Re: License of an open source license text

Richard Purdie
 

Hi Steve,

Thanks for the reply, it matches my first take on understanding this
situation and is what we do today, however, we're seeing some push back
from our users and I do think they have a point to some extent. I had
hoped there was an existing solution/convention we could follow but it
appears not. I'm going to play devils advocate and put a case for why
this matters to users and may be something SPDX needs to think about.

For better or worse there are legal departments who tell engineers that
products must contain "no GPL-3.0". I'm not getting into whether that
is a good thing to do or not, its mandated in companies and engineers
are being asked to solve the problem. I'm picking on GPL-3.0 but it
could be any license.

In YP, a single piece of software can generate multiple binary
packages. We can put non-GPL-3.0 components in one package, the GPL-3.0
in another and the end user can select to install only the non-GPL-3.0
packages into their image. Binary packages have an associated license.
We also generate a "license text" package which contains the license
texts this piece of software is under. There is only one license text
package per piece of software, its impractical to split those apart.

There are licenses which require the license texts to be included with
the binaries. For this reason, some legal departments require the
license text package be included in the image in all cases. They audit
their compliance by looking at the licenses of the packages installed
into a given image.

If we set the license of the licence text package to include GPL-3.0,
the legal department blocks the release since they said "no GPL-3.0".
If you tell them its only the license text, they tell you the license
is not GPL-3.0 and the license is incorrect. What should the license
be though?

To handle this, I think YP is going to have to identify these cases as
something like "GPL-3.0-license-text". It will then be up to the end
users to decide whether they can include such a thing in their images
or not. YP has been tentatively moving toward using SDPX license
identifiers where we can. It would be nice if we could standardise
this, if not, we would just accept that YP use SDPX as a guide but has
to handle cases like this which SPDX doesn't.

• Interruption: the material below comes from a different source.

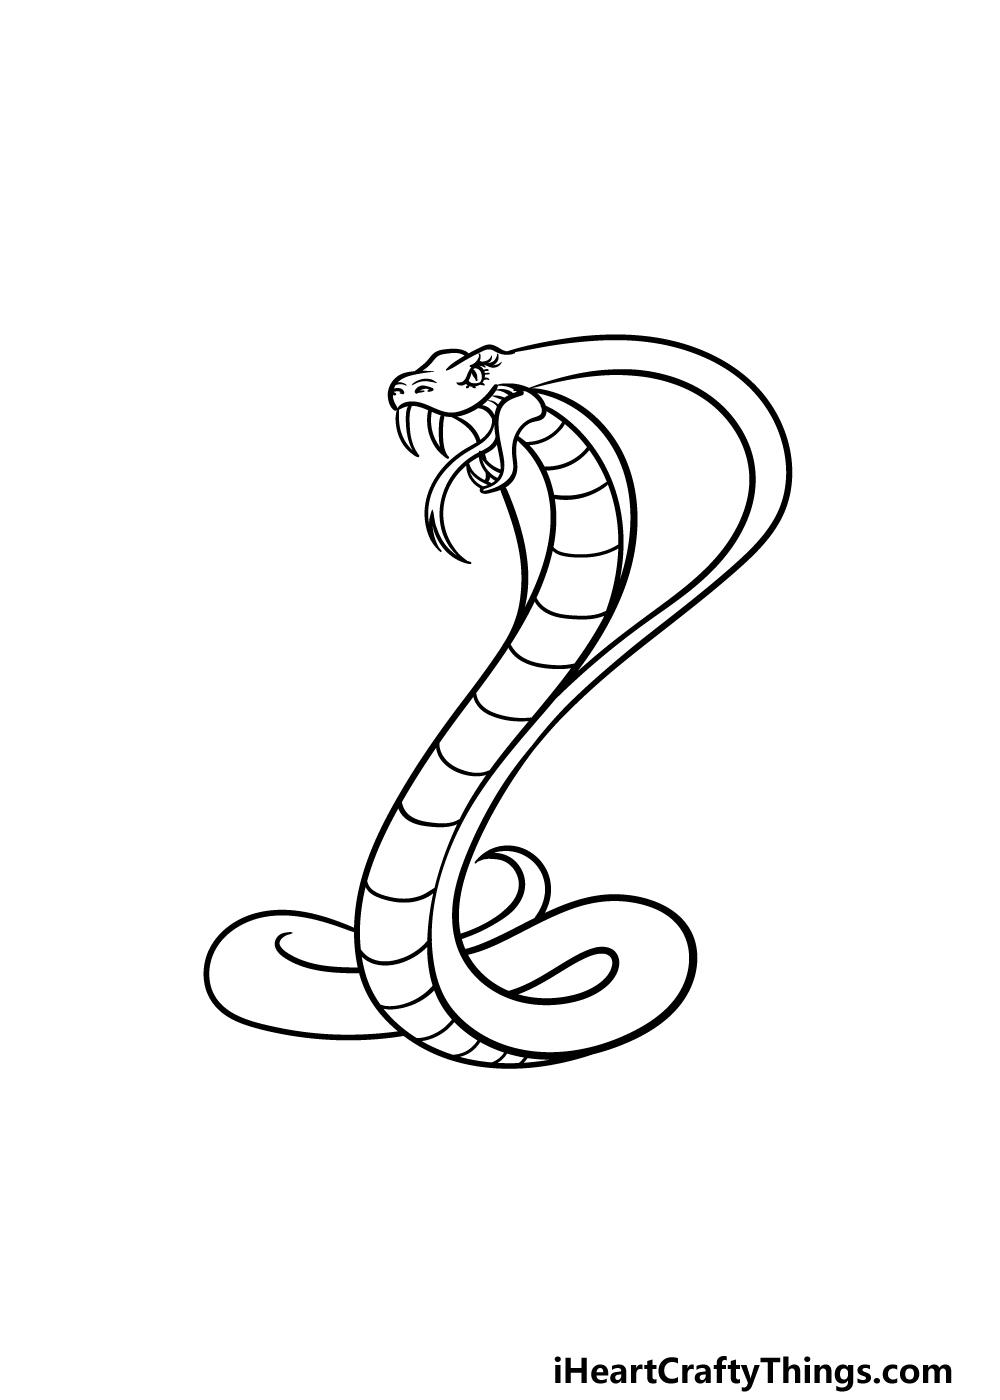 drawing cobra step 3

The thing I like about this approach is we have no need to make any
claim about what license "GPL-3.0-license-text" is actually under, just
that it is the license text alone.

Hopefully that gives a bit more insight into the challenges our users
are running into. I guess the question is therefore whether such a
convention is something SPDX could/should support? I'm equally open to
other ideas but I think we (YP) will have to do something one way or
another.

Cheers,

Richard

On Wed, 2020-06-17 at 17:11 -0400, Steve Winslow wrote:
Hi Richard,

Thanks for your email. A couple of thoughts, speaking just for
myself:

When it comes to the question of "what license applies to a license
text," I think this is something that has typically been seen as
outside the scope of the SPDX License List. The licenses on the list
cover those used for software as well as other types of open
collaboration (e.g. open hardware, data, etc). But I don't think the
license list has gotten into (or has plans to get into) including
identifiers for which licenses apply to licenses themselves.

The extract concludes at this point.